Ever tried to paste a password into a log-in field, only to be told to type it in manually?
I really hate it when websites do this.
Some websites still don’t accept pasted passwords, even though the reasoning behind such a policy is pretty weak. In fact, because it stops password management tools from working properly, a restriction on password pasting can actually make users less secure.
This annoyance bit me recently, which prompted me to write this article. I had to open a business account with a European bank. When asked to create a password I generated a random 45 character password, one with symbols, numbers, upper and lowercase characters etc. The usual to make brute forcing it hard. Of course I come to login on the website and the app and try to paste the password from my password manager. NO. Not allowed, the site and the app have disabled pasting!! Which means I have to type in my 45-character random password every time I log in!!!! OR find a way around it.
Here’s a closer look at the issue, and how you can get around it.
Why do companies have a stop password pasting (SPP) restriction?

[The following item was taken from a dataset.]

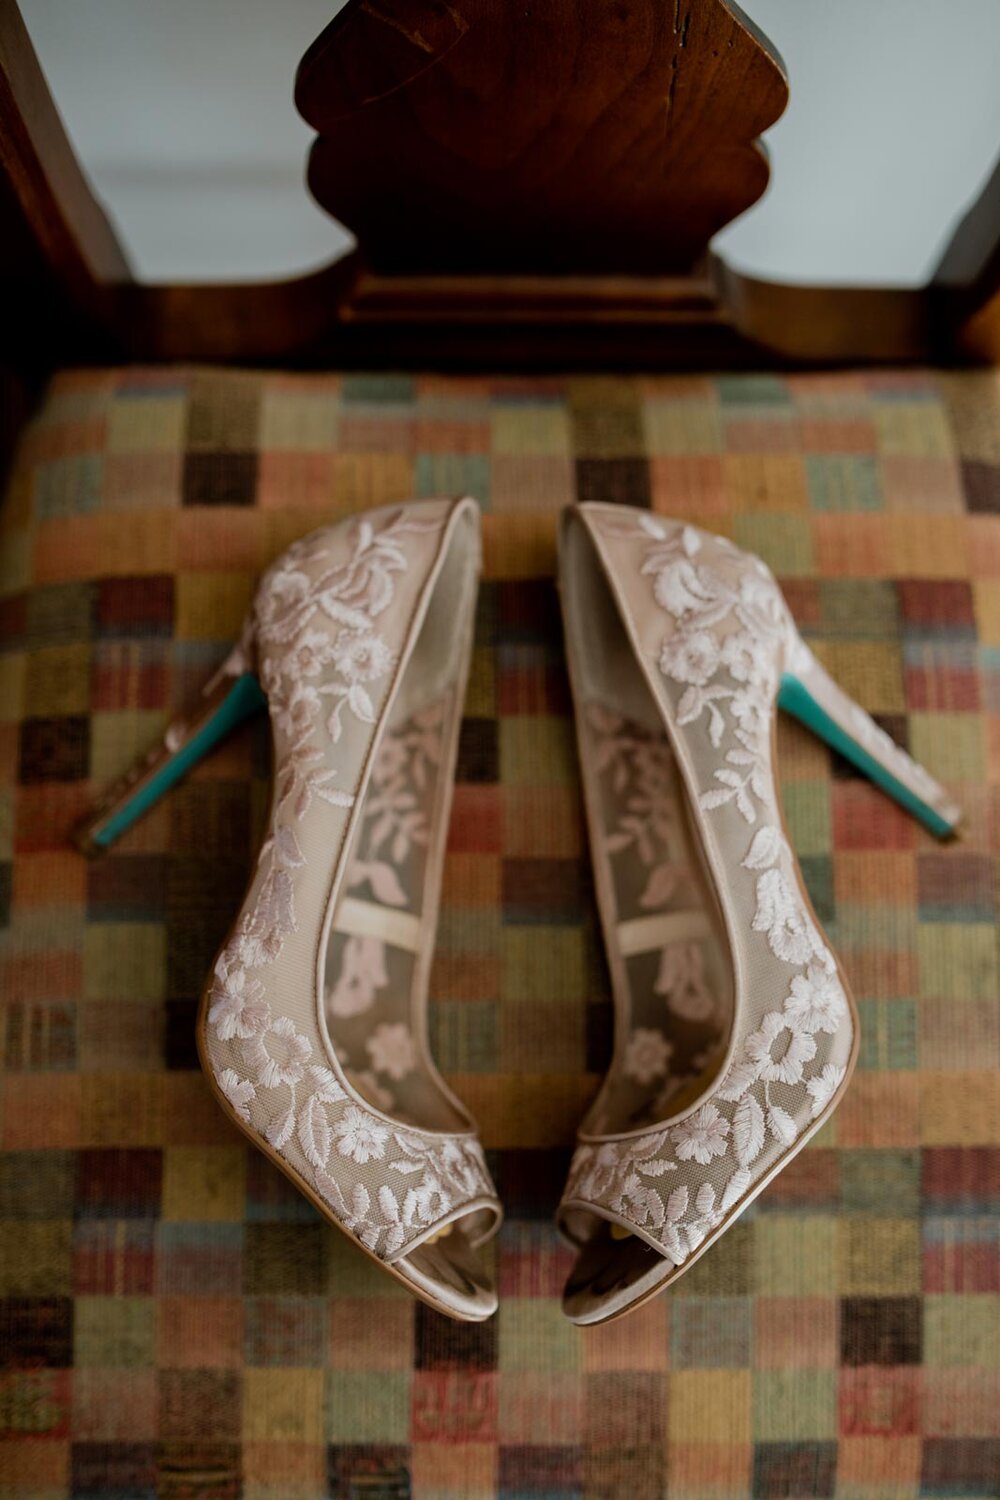 High heeled shoe with light pink floral embroidery and teal heals in Mendocino CA Carly Romeo + Co.

Occasionally, you’ll still come across websites that stop you from pasting passwords into the log-in box. Usually when this restriction exists, it’s there by design: i.e. the HTML code used on the website specifically prevents a pasted fragment from being entered into the field.
So why do companies deliberately include this block? It’s not exactly clear. As the UK’s National Cyber Security Centre (NCSC) points out, there’s no rule, technical standard or best practice point that recommends it.
There are a number of possible justifications for it. Although once these reasons are scrutinised, they don’t really stand up:
It prevents brute-force attacks. The argument is that it stops malicious software from repeatedly pasting password guesses into the box to crack it. But this ignores the fact that the website should, in any event, have controls in place to identify and block a high number of log-in attempts relating to a single account.
Avoiding sensitive data in the clipboard. The idea is that you shouldn’t have sensitive information such as passwords hanging around on your clipboard. This is because malware apps have the ability to scrape your clipboard. The trouble is, the majority of malware apps with clipboard-scraping capabilities are able to read your keystrokes, too. So being required to type in your password does nothing for malware protection.
Pasting prevents you from remembering. In theory, the ability to paste your password provides less of an incentive to remember it. But in reality, the average person has 70-80 active passwords. Even if you wanted to, you are never going to memorize all of them.
Password manager tools and pasting
- As this year’s Verizon Data Breach Investigations Report revealed, the majority of hacking-related breaches involve the use of lost or stolen credentials.
- Poor password hygiene is behind a lot of these breaches. People still reuse passwords, often across both personal and work accounts, even though they know they shouldn’t.
- Best practice says you need a unique password for each account. Ideally, these passwords should be unique, long, and consisting of a combination of letters, numbers and symbols.
- It’s a practical impossibility to memorise a string of such passwords. That’s why a password manager tool can be so useful.
- Your password manager can generate a secure, random password for each account. Later, when you need to log into a site, you type your master password into the password manager. The tool will then automatically paste the login information into the website.
- But if the website doesn’t allow pasting, it interrupts this process. For the user, it means having to manually input a long, randomly generated and unfamiliar password. It’s a needless hassle. In fact, for some users, it’s going to cause them to revert back to using a weak, easily-remembered password.
We’ve seen a couple of fixes that allow you to bypass the ‘no password pasting’ restriction: one for Chrome and one for Firefox. Here they are…
Get the Don’t F*ck with Paste extension here. Created by developer, Vivek Gite, the extension instructs your browser to bypass any paste restrictions on the page.
You can fix the problem by changing the browser’s behaviour in the settings.
Go to about:config in Firefox. Click the “I’ll be careful, I promise!” disclaimer to carry on.
Now, in the search box, search for dom.event.clipboardevents. A single entry should come up in the list of preferences.
Double-click on the setting. This should change the value from “true” to “false”. Now, you should be able to copy and paste without any website-specific restrictions stopping you.
There is a downside to doing this that I found. It stopped me being able to paste into Google sheets and docs. So I use Chrome and Firefox interchangeable as needed.